Allemande native de Berlin-Est, Gabriele Zimmer est eurodéputée membre de Die Linke, le parti frère du Front de gauche outre-Rhin, dirige, au parlement européen, le groupe de la Gauche unitaire européenne (GUE, 52 députés, où l’on retrouve les élus grecs de Syriza, espagnols de Podemos et Izquierda Unida, français du Front de gauche, etc.). Alors qu’un nouvel Eurogroupe dominé par le dossier grec se tenait ce lundi, elle revient, dans un entretien à Mediapart, sur la dynamique ouverte par Syriza et la stratégie des semaines à venir.

Que retenez-vous des premières semaines de Syriza au pouvoir en Grèce ? 

Le plus important, c’est qu’ils sont restés unis, et se sont déplacés partout en Europe pour trouver des alliés dans leur combat contre l’austérité.
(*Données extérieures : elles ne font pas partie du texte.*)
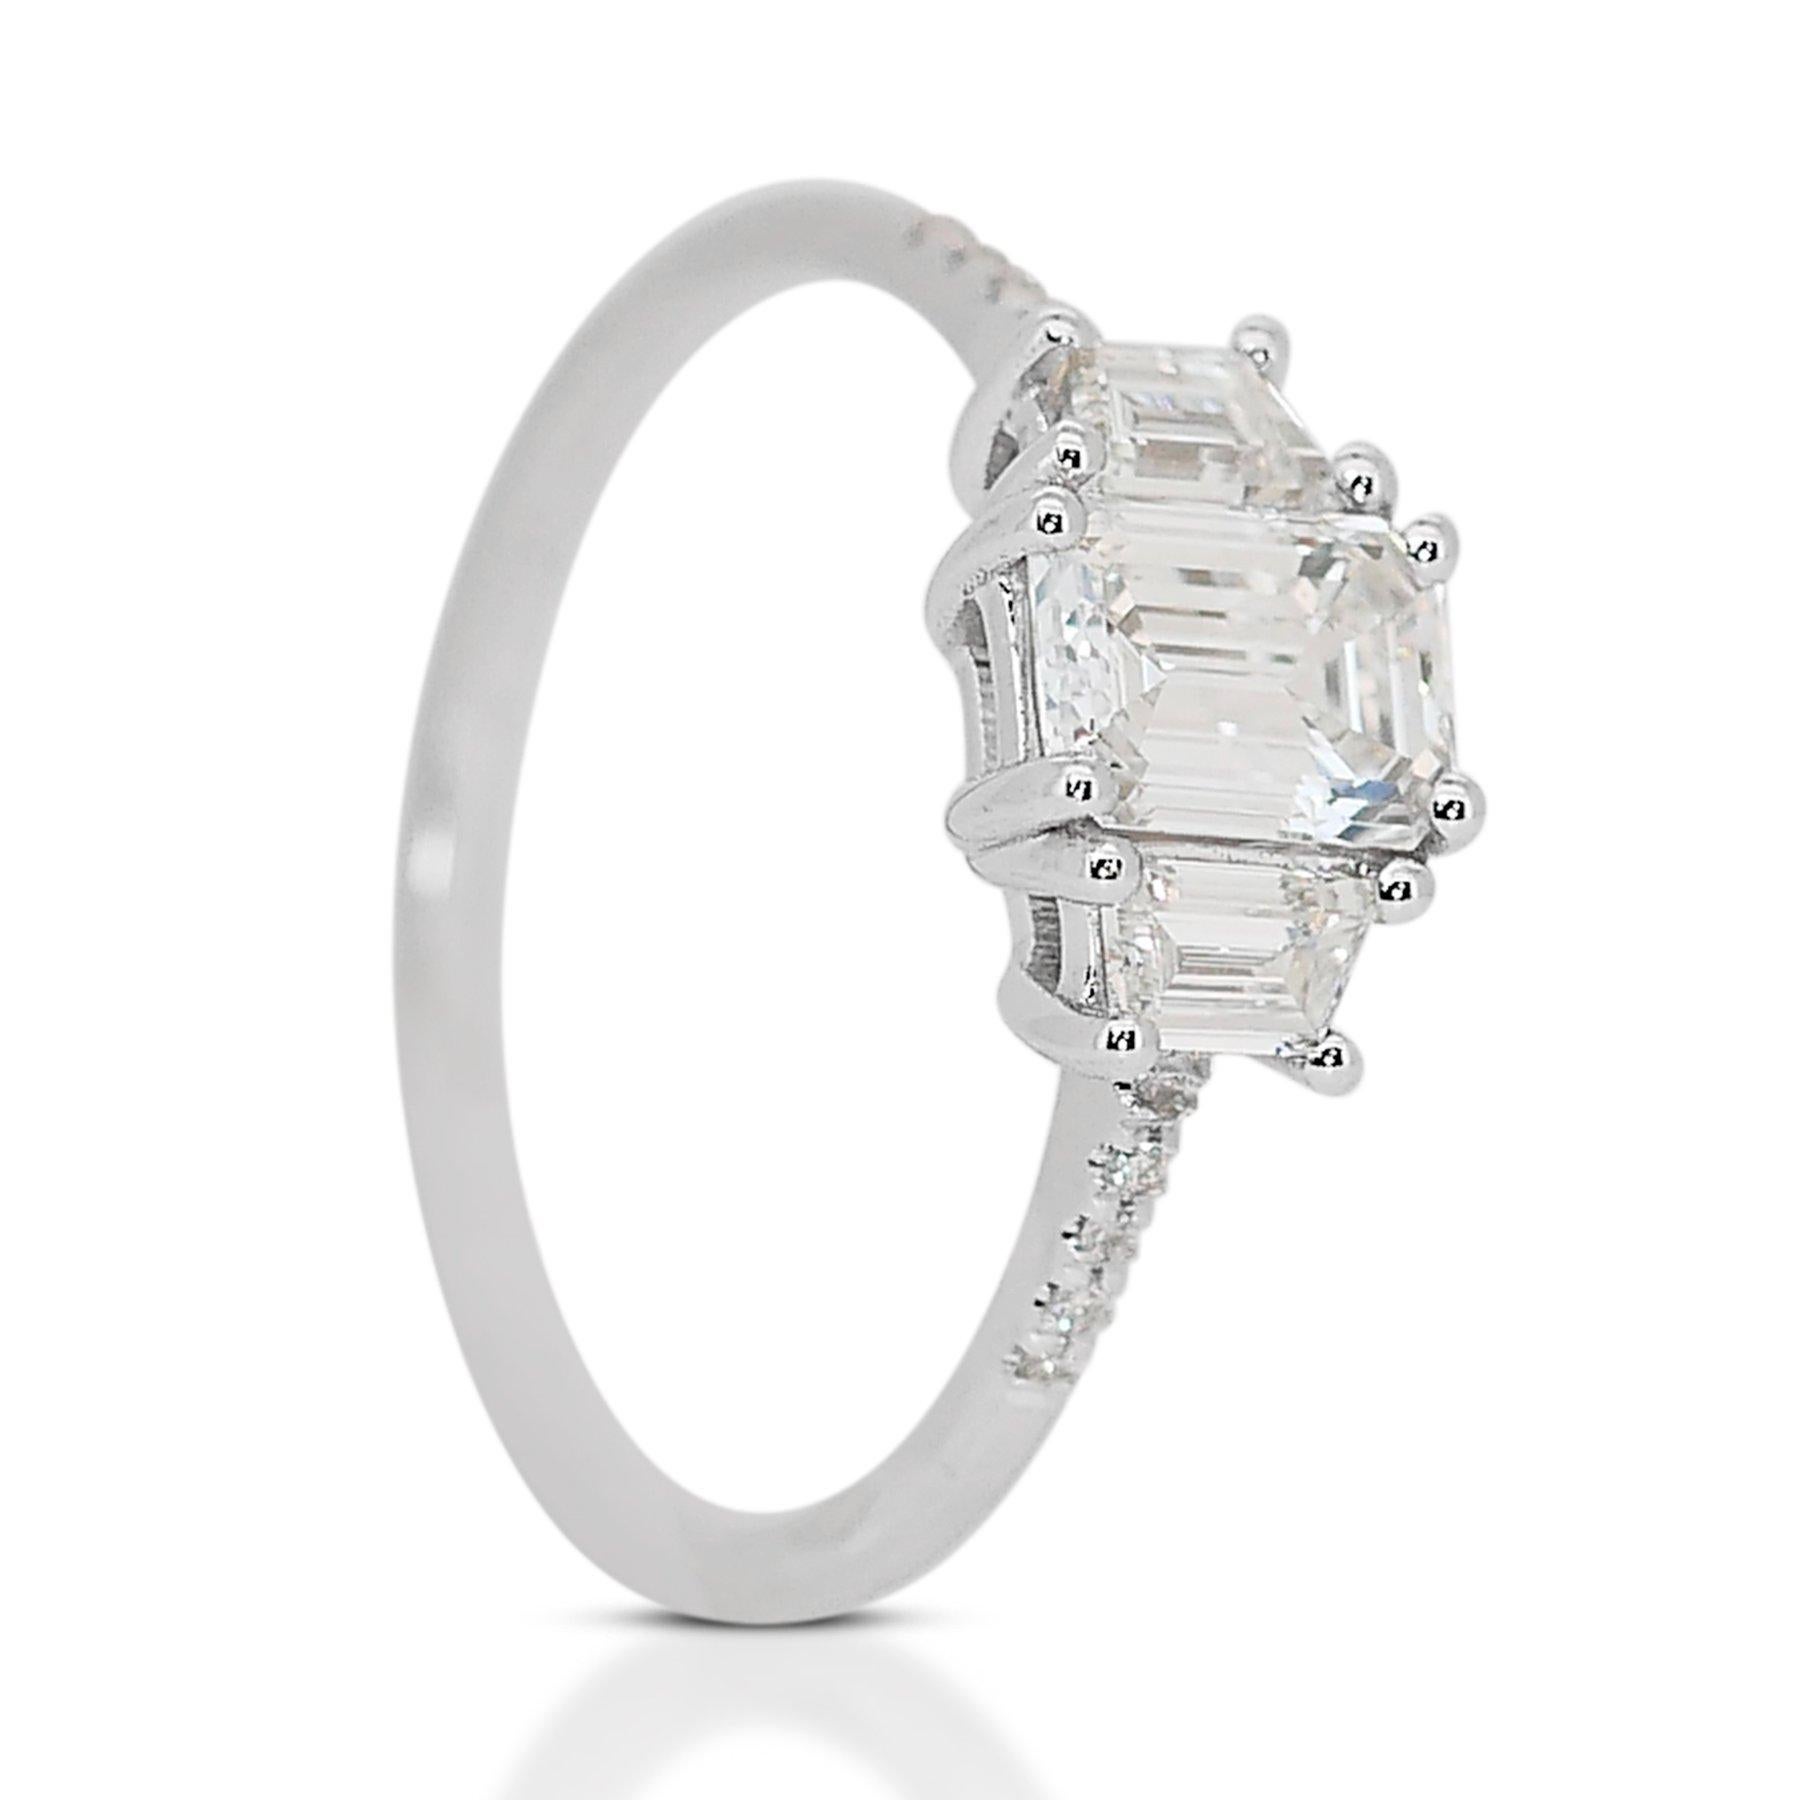 Emerald Cut Elegant 1.11ct Diamond 3-Stone Ring in 18k White Gold - IGI Certified For Sale
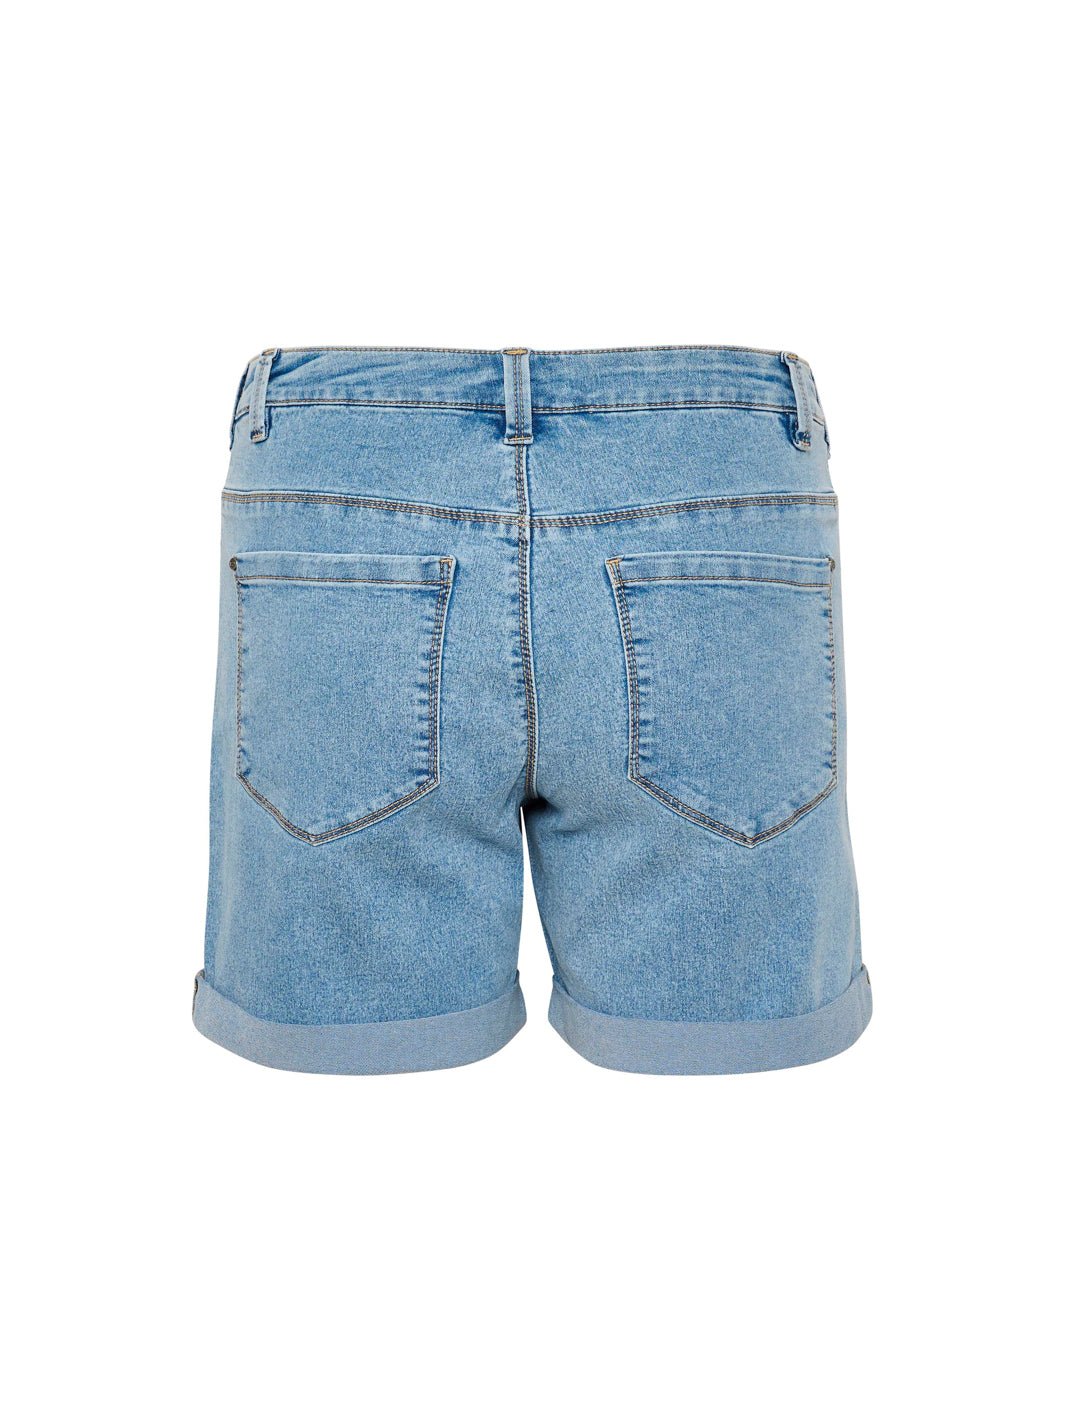 Kaffe KAvicky denim shorts light blue washed - Online-Mode

C’était décisif d’expliquer aux citoyens d’autres États membres de l’UE qu’ils n’acceptent plus que des gouvernements leur imposent la politique qu’ils doivent mener. C’est ce que leur ont demandé leurs électeurs et c’est ce qu’ils vont faire. Ils ont gagné de l’espace, et du temps, en vue des prochaines étapes, qui doivent permettre d’en finir avec l’austérité, et trouver d’autres sorties de crise, au sein de l’UE et au sein de la zone euro.

Qu’avez-vous pensé de l’accord conclu avec l’Eurogroupe, qui reconduit pour quatre mois l’essentiel des mesures de l’ex-Troïka ? 

La question n’est pas de savoir si c’est un bon accord ou pas. Les conditions préalables à l’accord étaient vraiment dures. Ce qu’il était possible de gagner, ils l’ont emporté. Pendant la campagne, il était déjà clair que le nouvel exécutif ne pourrait pas en finir immédiatement avec ce genre de politiques. Il était évident qu’il y aurait des conditions de la part des Européens. Mais l’objectif est d’en finir avec l’austérité dans les mois à venir. Nous avons besoin de temps, de compréhension, de solidarité.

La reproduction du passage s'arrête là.